What the Emotional Coherence Framework contributes most significantly and expansively to the conventional approach to attachment work, we believe, is the recognition that the contradictory experience needed for dissolving a problematic attachment schema is not limited to experiences of secure attachment with the therapist.
This recognition follows from the actual content of clients’ retrieved schemas of insecure attachment, not from theoretical considerations.
The actual content allows for disconfirmation by experiences other than experiences of the therapist’s empathetic, validating
understanding. Therefore, the range of options for transformational new learning is far wider than reparenting and reparative attachment methods. This opens up a large field of clinical methods for transforming attachment patterns. Having such an expanded palette of concrete options puts therapists in the strongest position to facilitate decisively effective work.

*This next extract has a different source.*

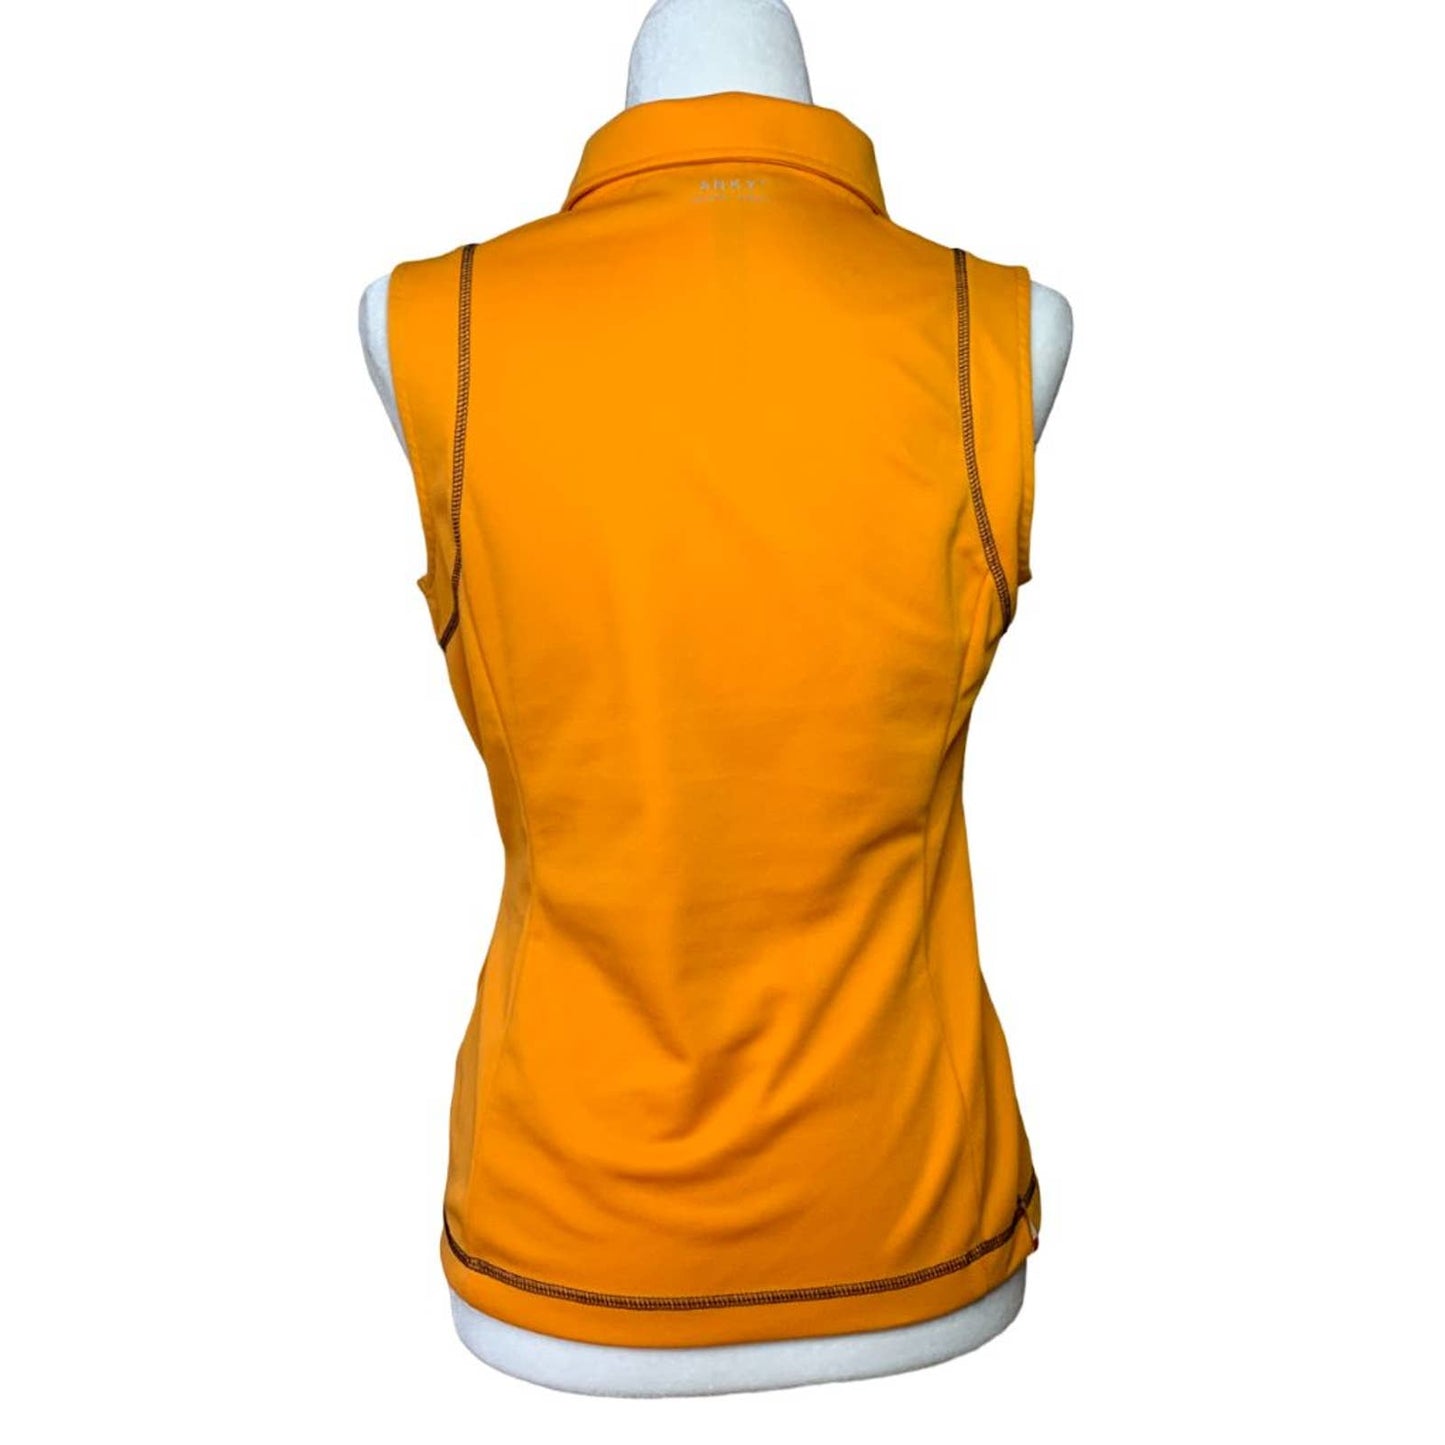 Anky Riding Shirt in Orange - Woman's 8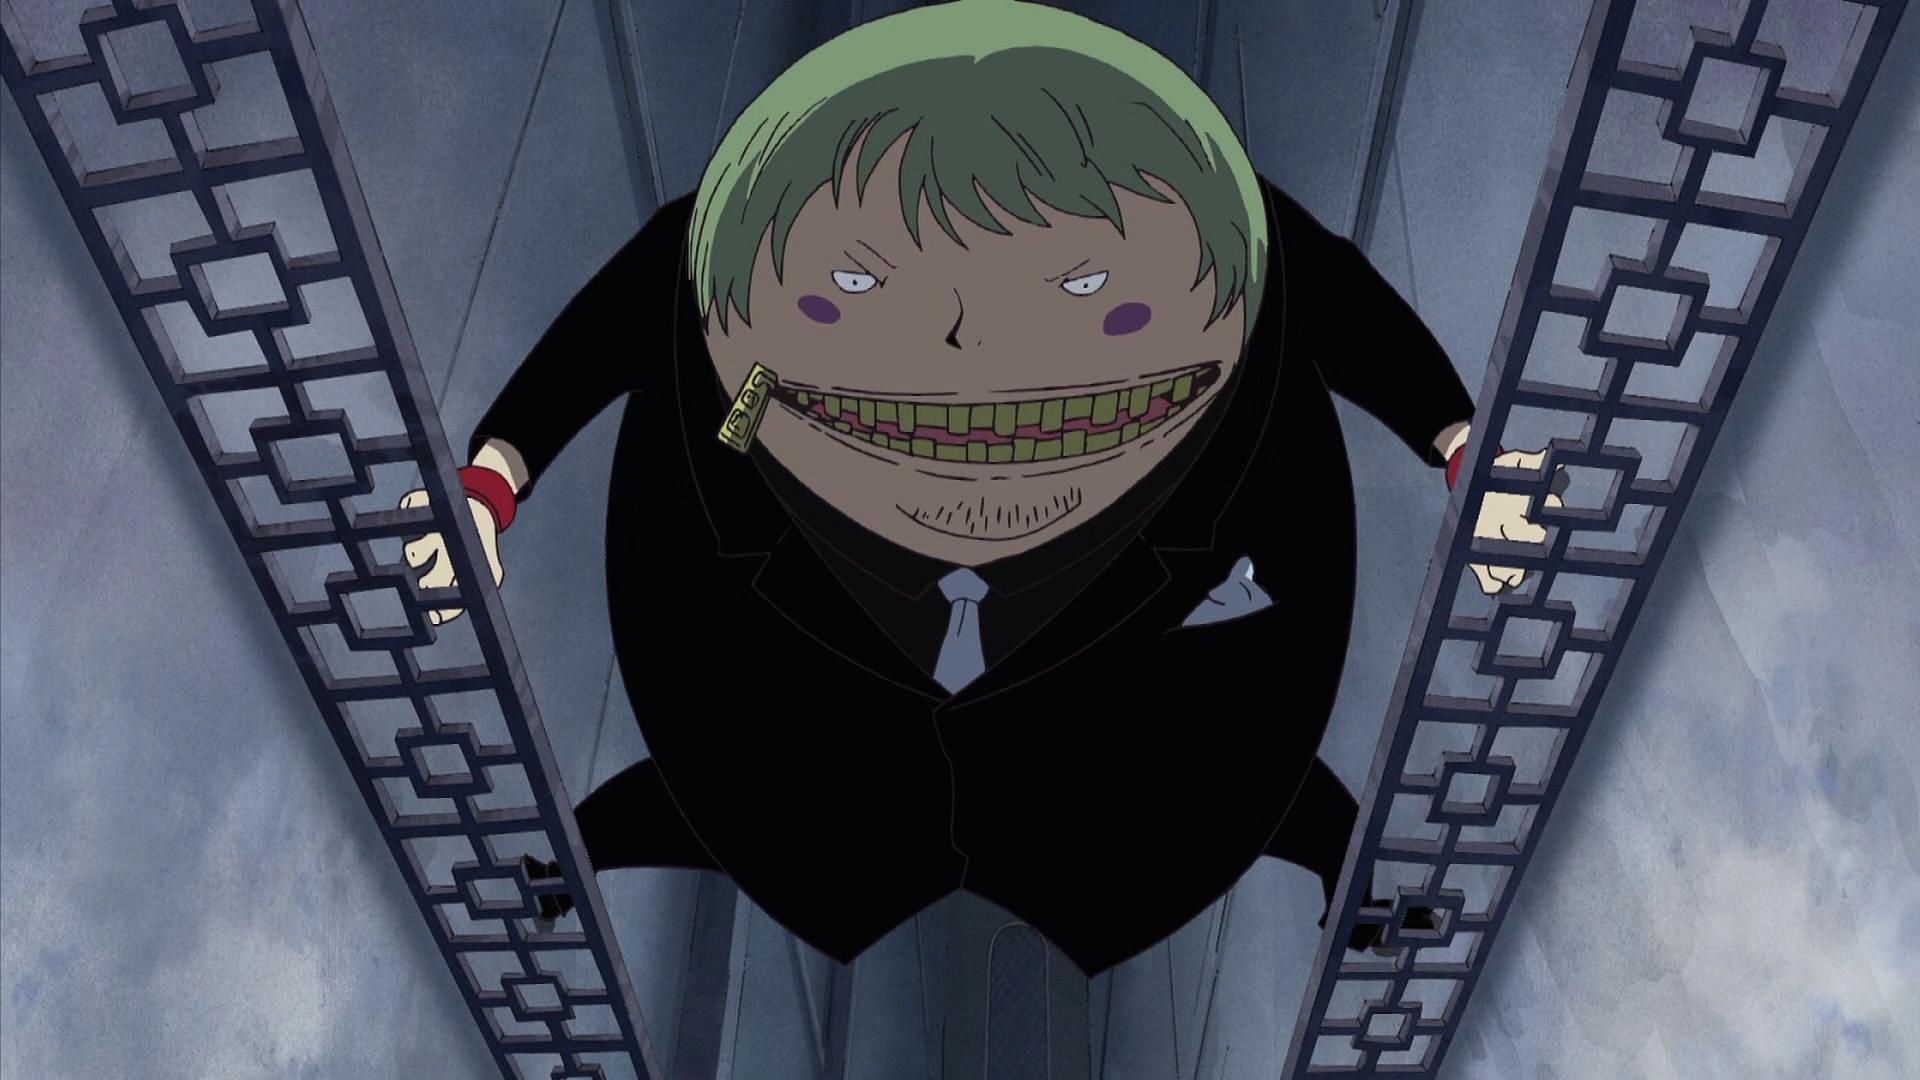 Fukuro as seen in the show (Image via Toei Animation)

The relatively recent development of phenomenological clinical methods for retrieving emotional implicit schemas accurately, thoroughly and promptly (Ecker & Hulley, 1996, 2000a, 2011) makes it possible to know the content of a symptom-generating schema in detail in nearly all cases. This allows therapists to determine whether or not the schema consists of attachment learnings (as illustrated by the case vignette of Raoul above) and whether or not a schema that does consist of attachment learnings can or cannot possibly be disconfirmed by experiences of secure attachment with a therapist. If not, then other methods must be used for creating or finding contradictory knowledge to incorporate in a juxtaposition experience.
However, in the existing body of literature on attachment work there is no recognition of the need for such triaging, to our knowledge; the pervasive assumption appears to be that any attachment learning can be revised therapeutically through positive experiences in relationship with the therapist.